TASK OBJECTIVE
Exact copy, pictures excluded: the lines from the one containing "Travis Scott X" to the end of the listing.

SUPPLIED INFORMATION

┌──

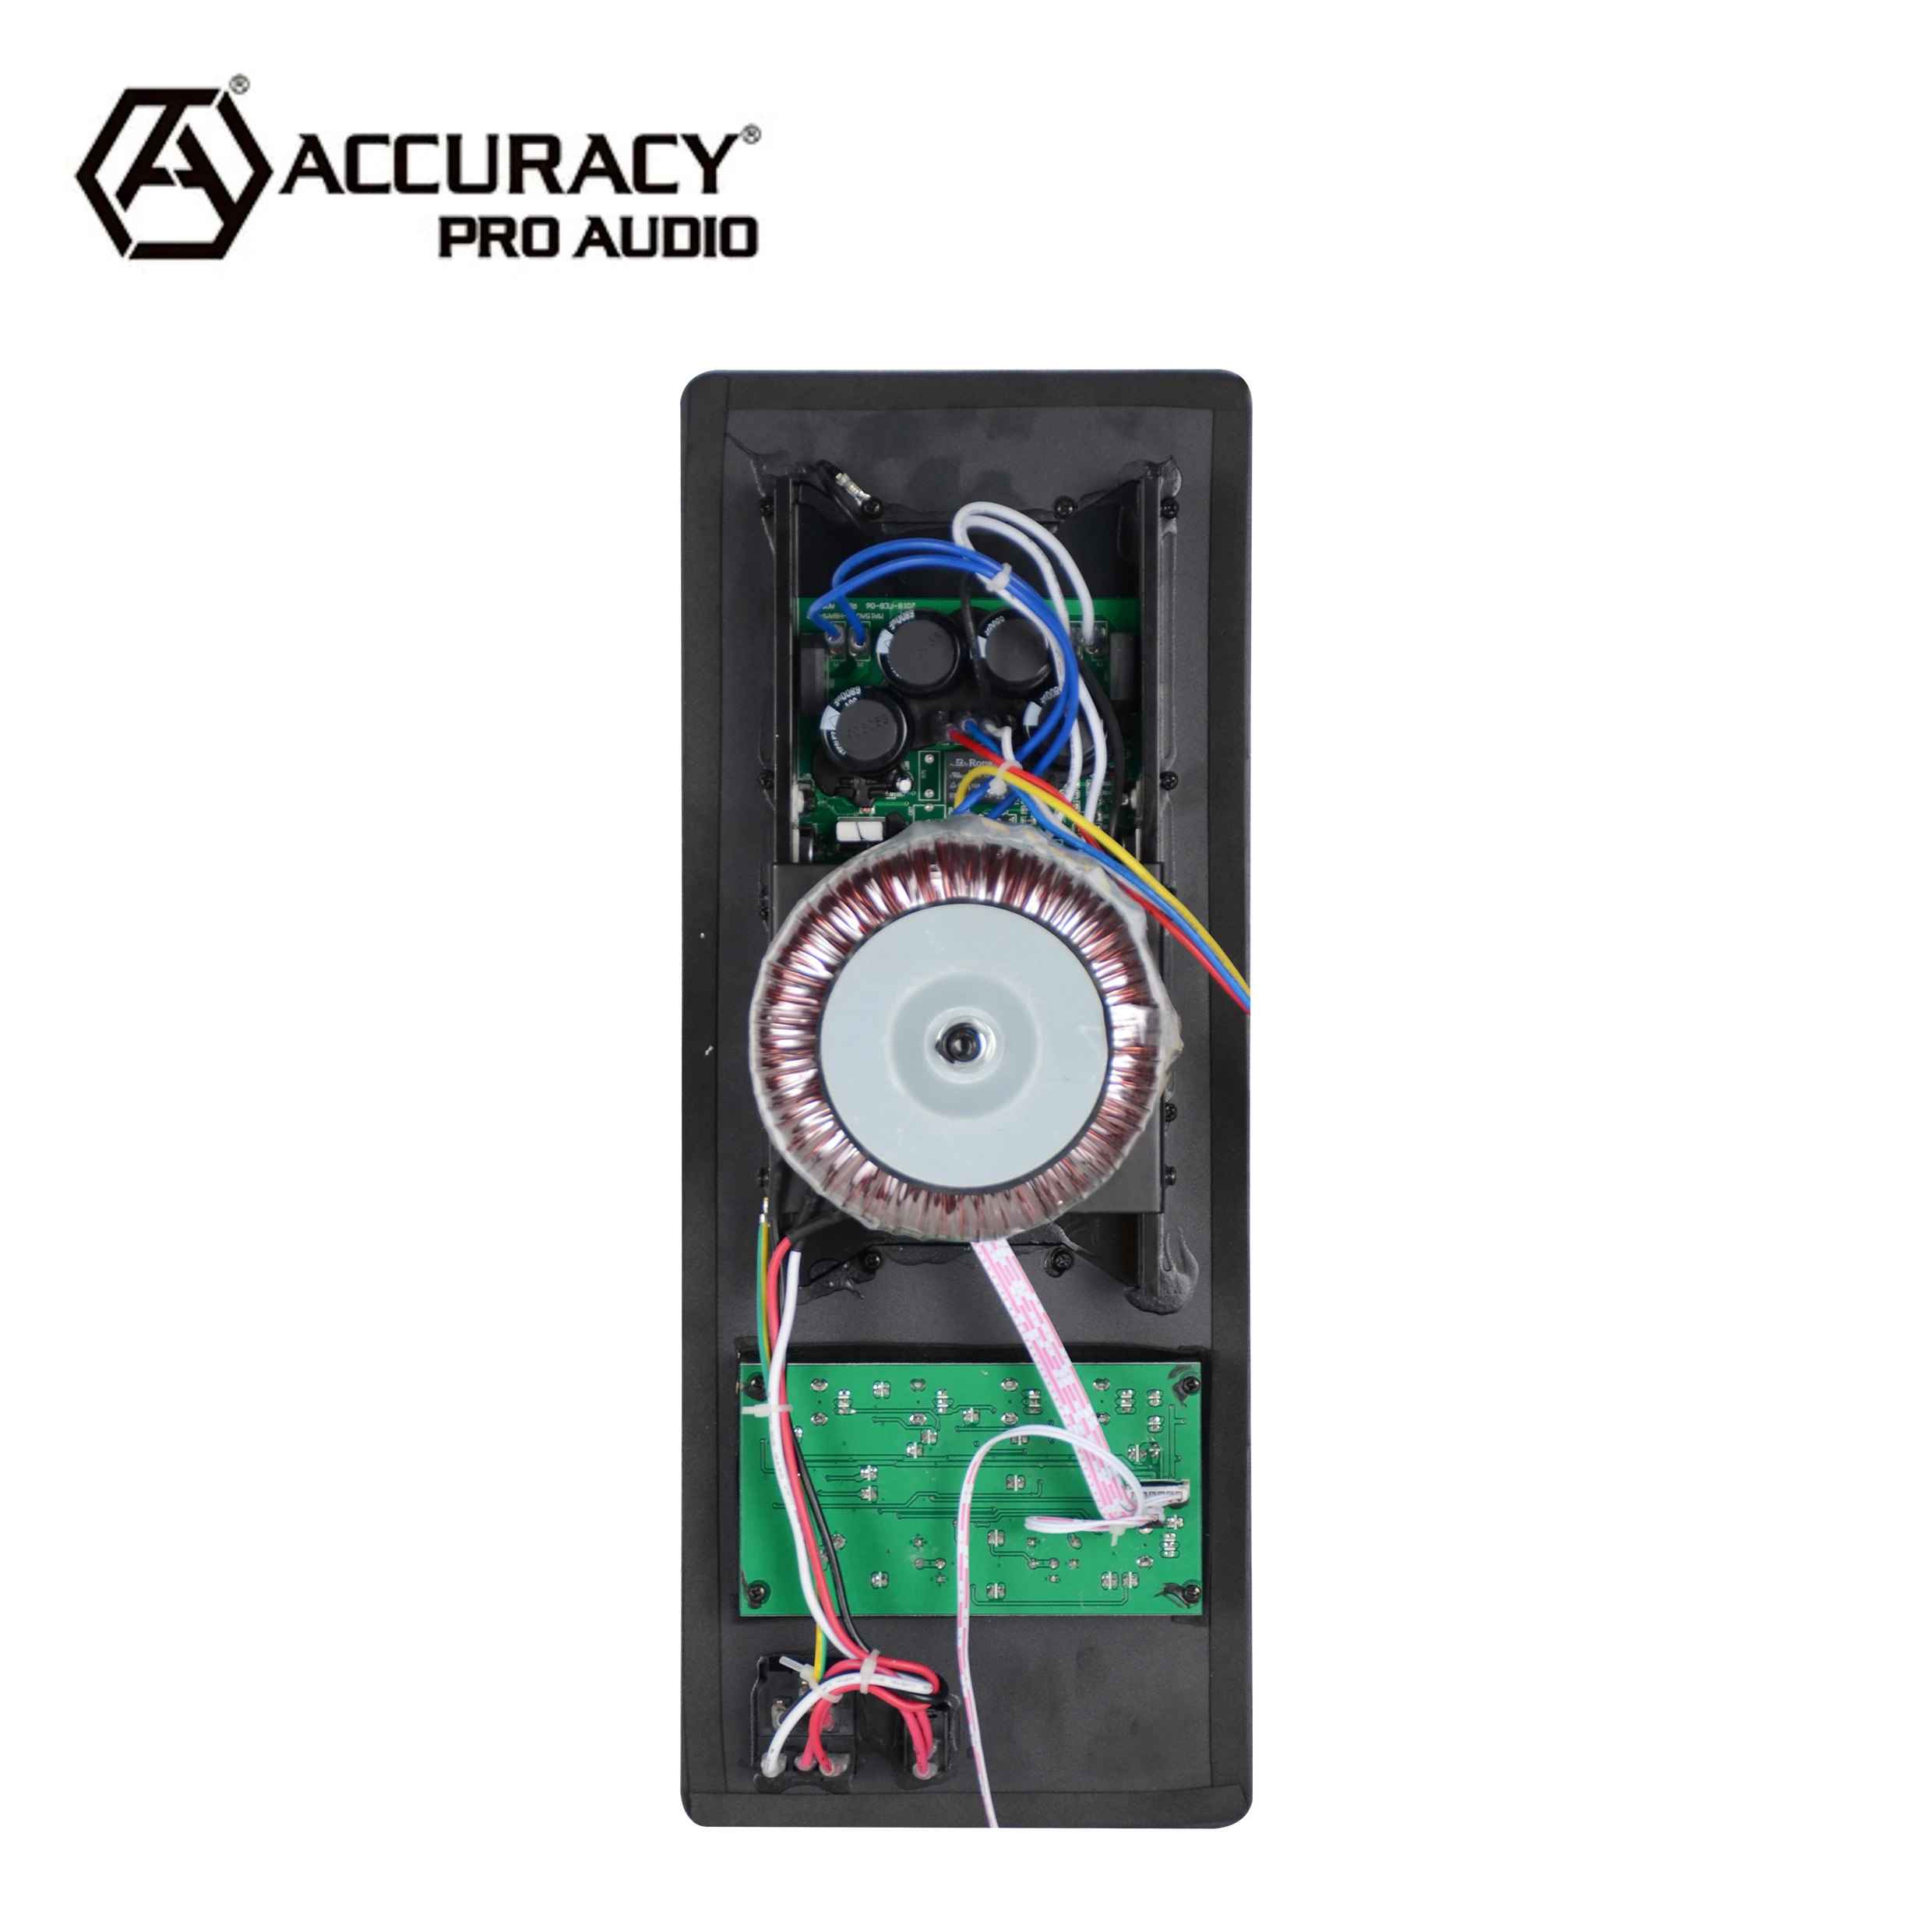 Accuracy Pro Audio 15APC Professional Active Speaker Amplifier Module
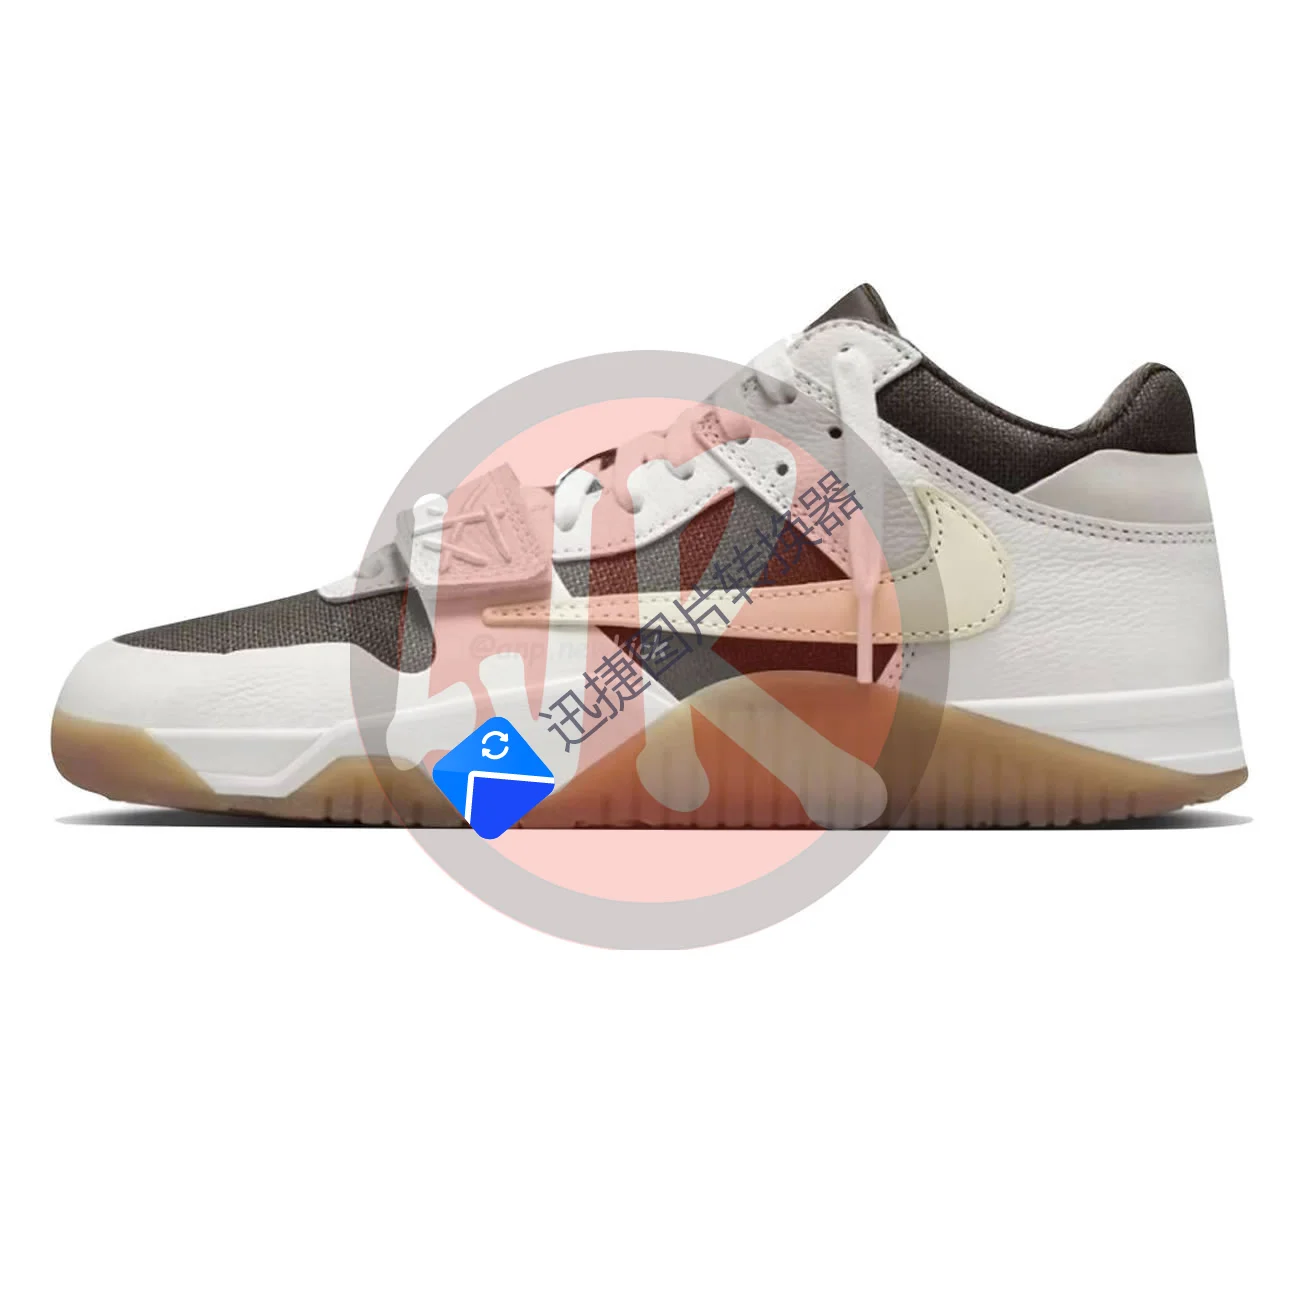 Travis Scott X Jordan Cut The Check Trainer Release Date Ljr Sneakers (20) - bc-ljr.com
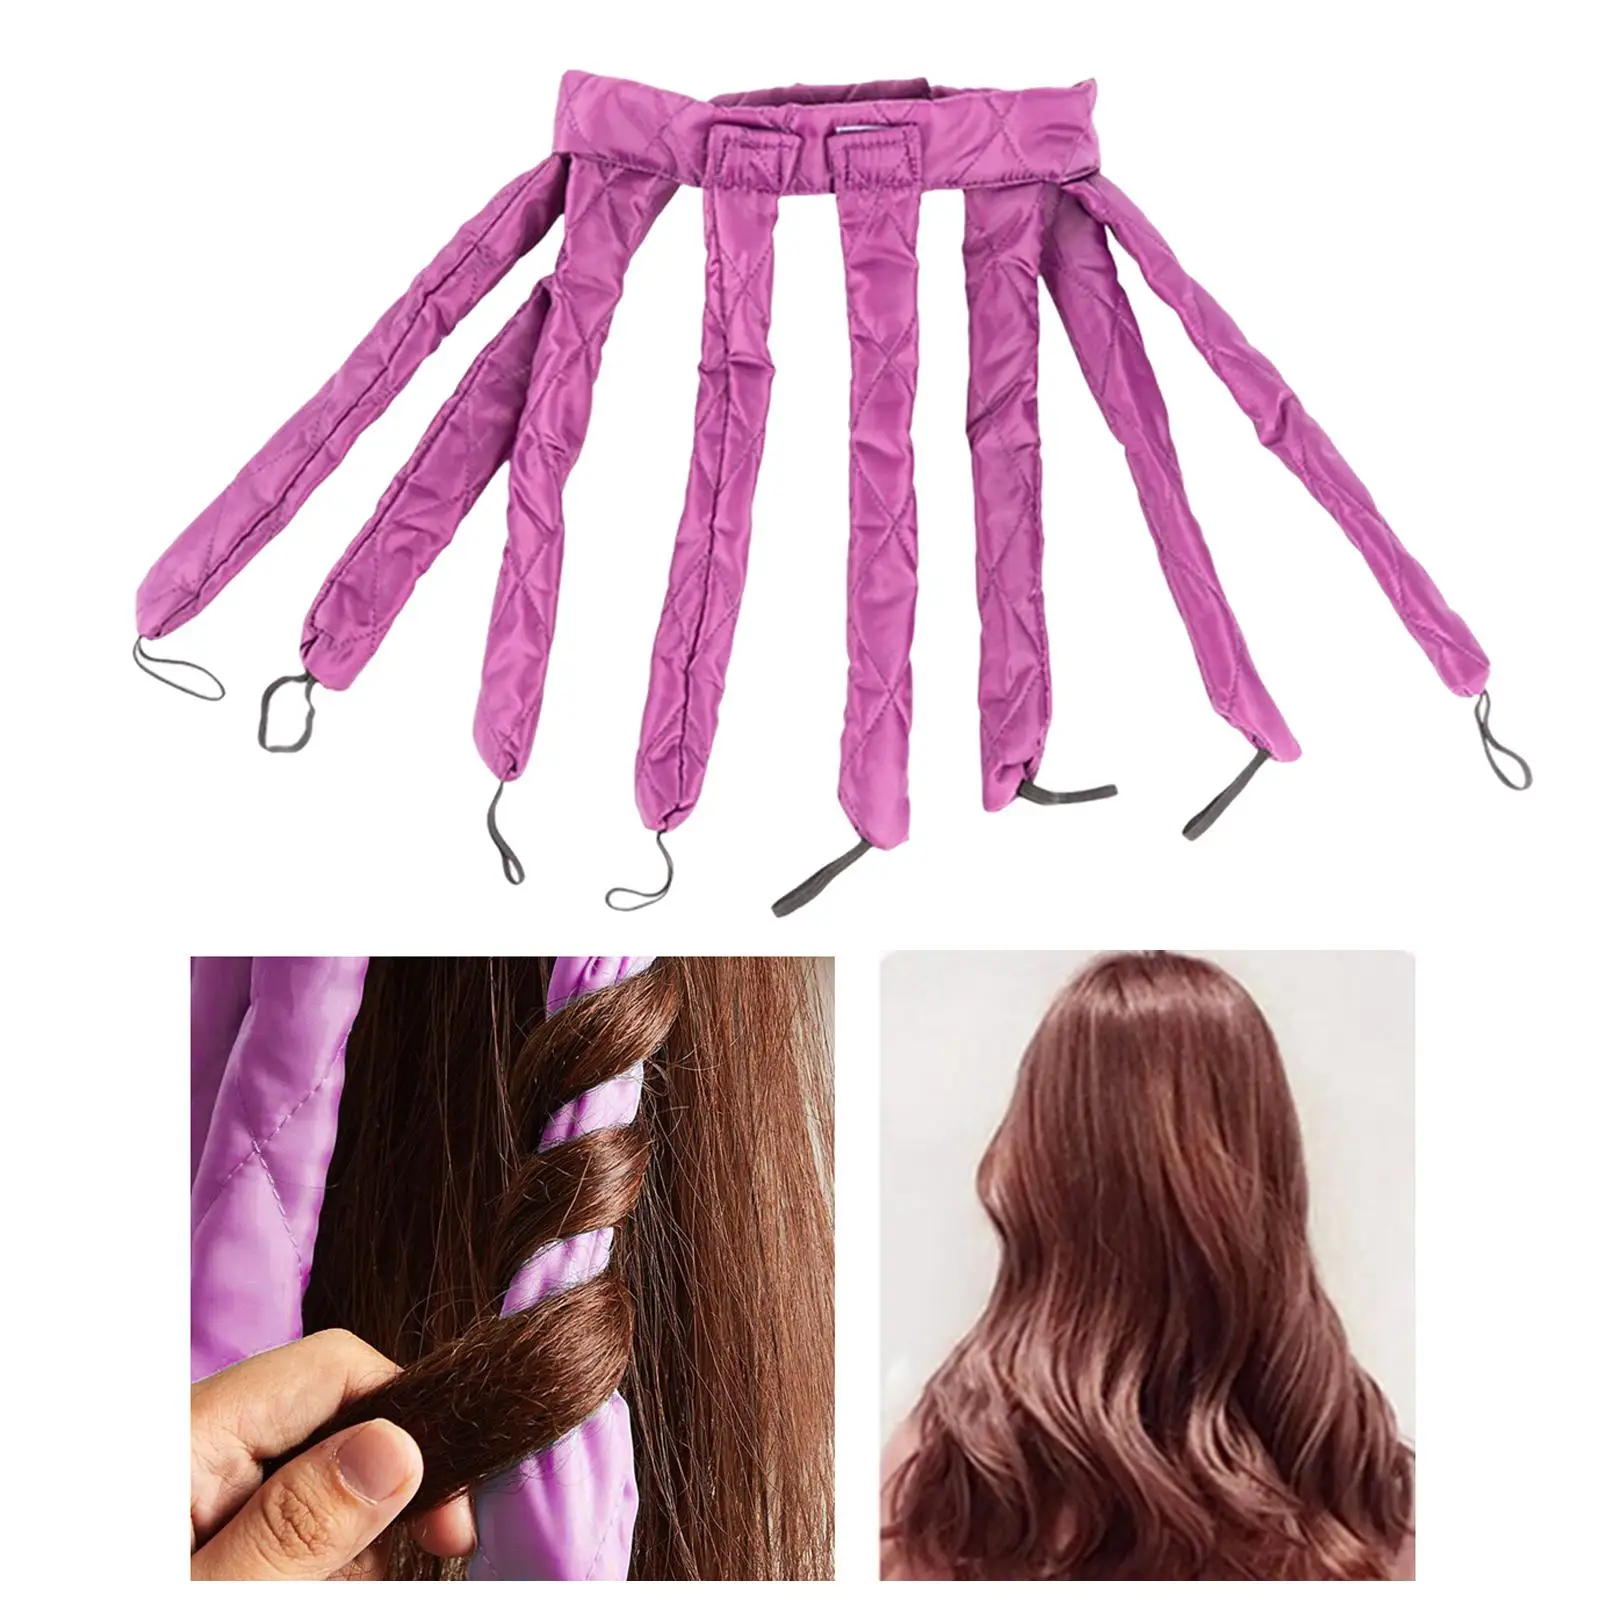 Heatless Hair Curler Hair Styling Tool Sleep Overnight Curls No Heat Curling Rod Headband Wave Hair Curler Natural Curls
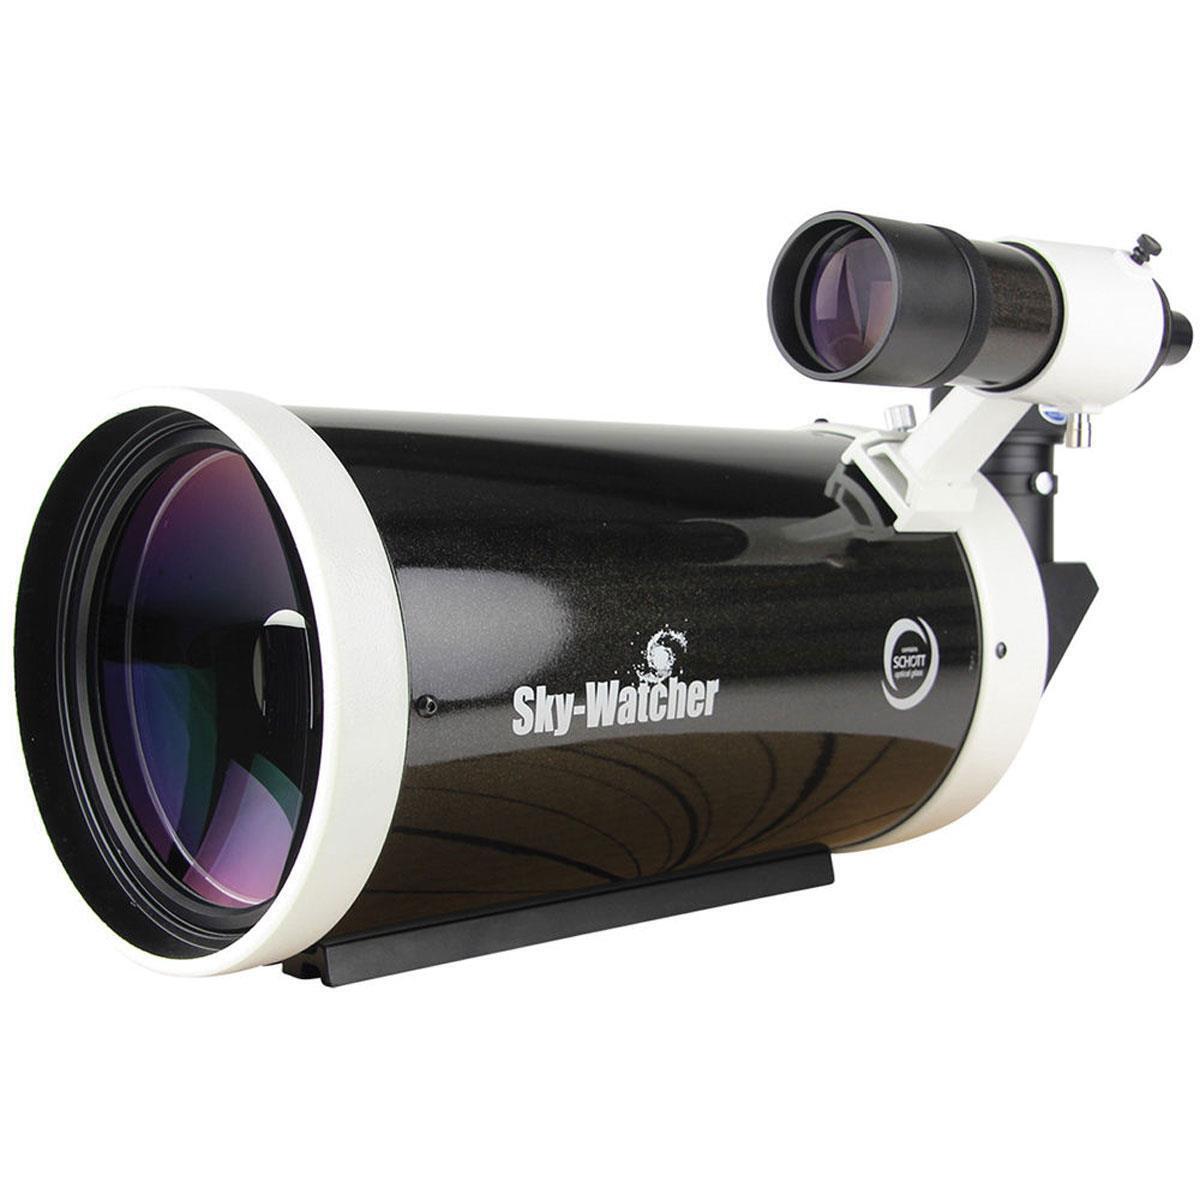 Sky-Watcher Skymax 150, Maksutov-Cassegrain 150mm Telescope #S11530

└──

COMPLETED TASK
 Travis Scott X Jordan Cut The Check Trainer Release Date Ljr Sneakers (20) - bc-ljr.com
 Heatless Hair Curler Hair Styling Tool Sleep Overnight Curls No Heat Curling Rod Headband Wave Hair Curler Natural Curls
 Sky-Watcher Skymax 150, Maksutov-Cassegrain 150mm Telescope #S11530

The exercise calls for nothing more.